CalliffusionV2: Personalized Natural Calligraphy Generation with Flexible Multi-modal Control
Qisheng Liao, Liang Li, Yulang Fei, Gus Xia

TL;DR
CalliffusionV2 is a versatile system for generating natural Chinese calligraphy with multi-modal control, enabling style customization, quick style learning, and support for non-Chinese characters, validated by both neural and human assessments.
Contribution
It introduces a multi-modal controlled calligraphy generation system that allows fine-grained style customization and rapid style adaptation with minimal data.
Findings
Produces stylistically accurate calligraphy recognized by classifiers and humans
Supports quick learning of new styles with few-shot training
Generates non-Chinese characters without prior training
Abstract
In this paper, we introduce CalliffusionV2, a novel system designed to produce natural Chinese calligraphy with flexible multi-modal control.
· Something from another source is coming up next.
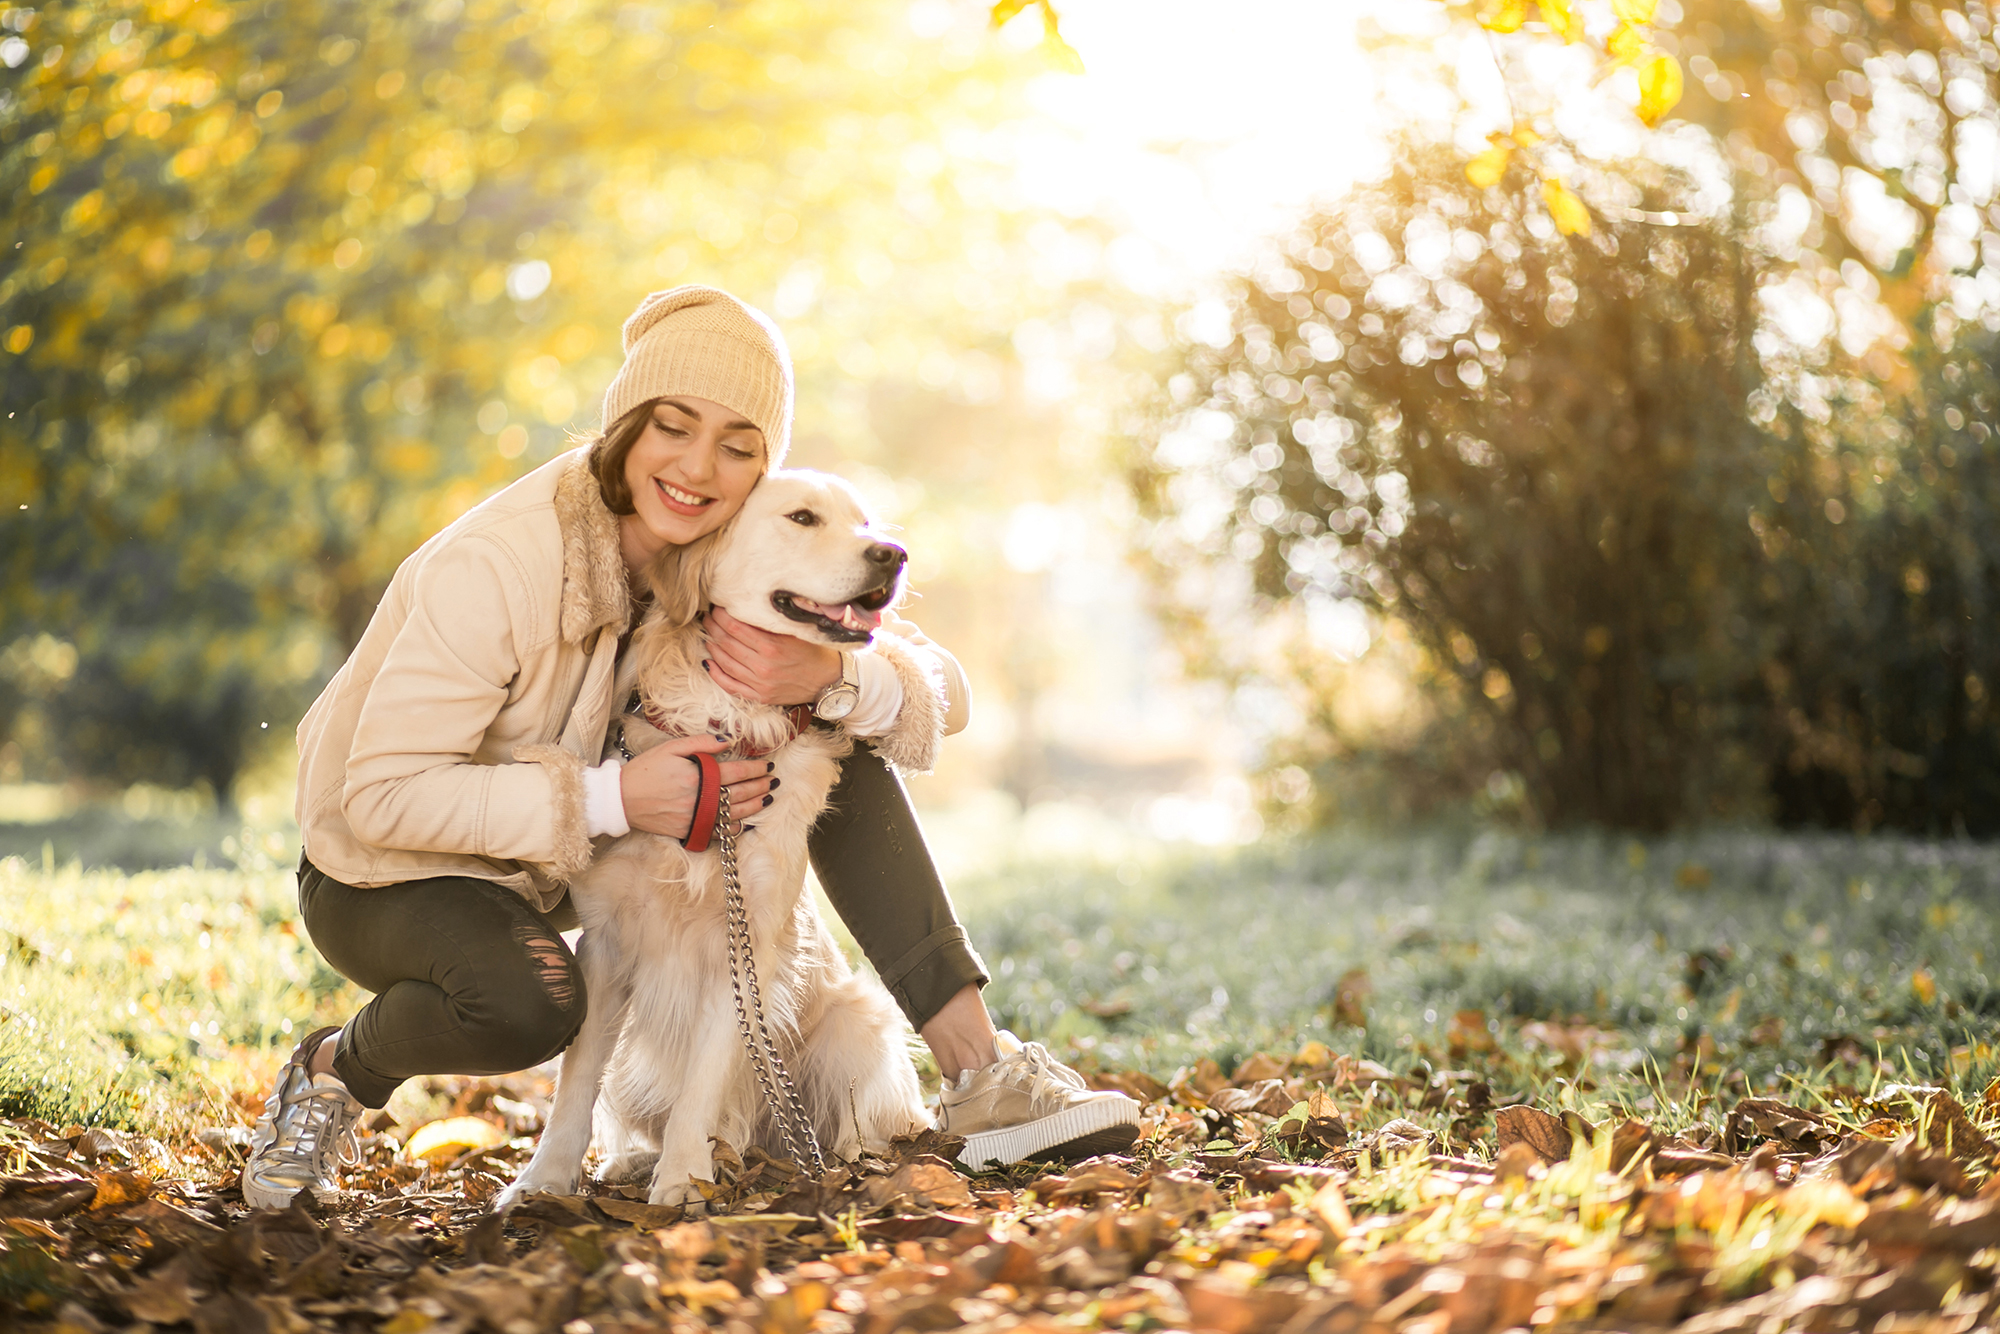 Ways To Make Your Pet’s Last Day Special

Unlike previous approaches that rely solely on image or text inputs and lack fine-grained control, our system leverages both images to guide generations at fine-grained levels and natural language texts to describe the features of generations. CalliffusionV2 excels at creating a broad range of characters and can quickly learn new styles through a few-shot learning approach. It is also capable of generating non-Chinese characters without prior training. Comprehensive tests confirm that our system produces calligraphy that is both stylistically accurate and recognizable by neural network classifiers and human evaluators.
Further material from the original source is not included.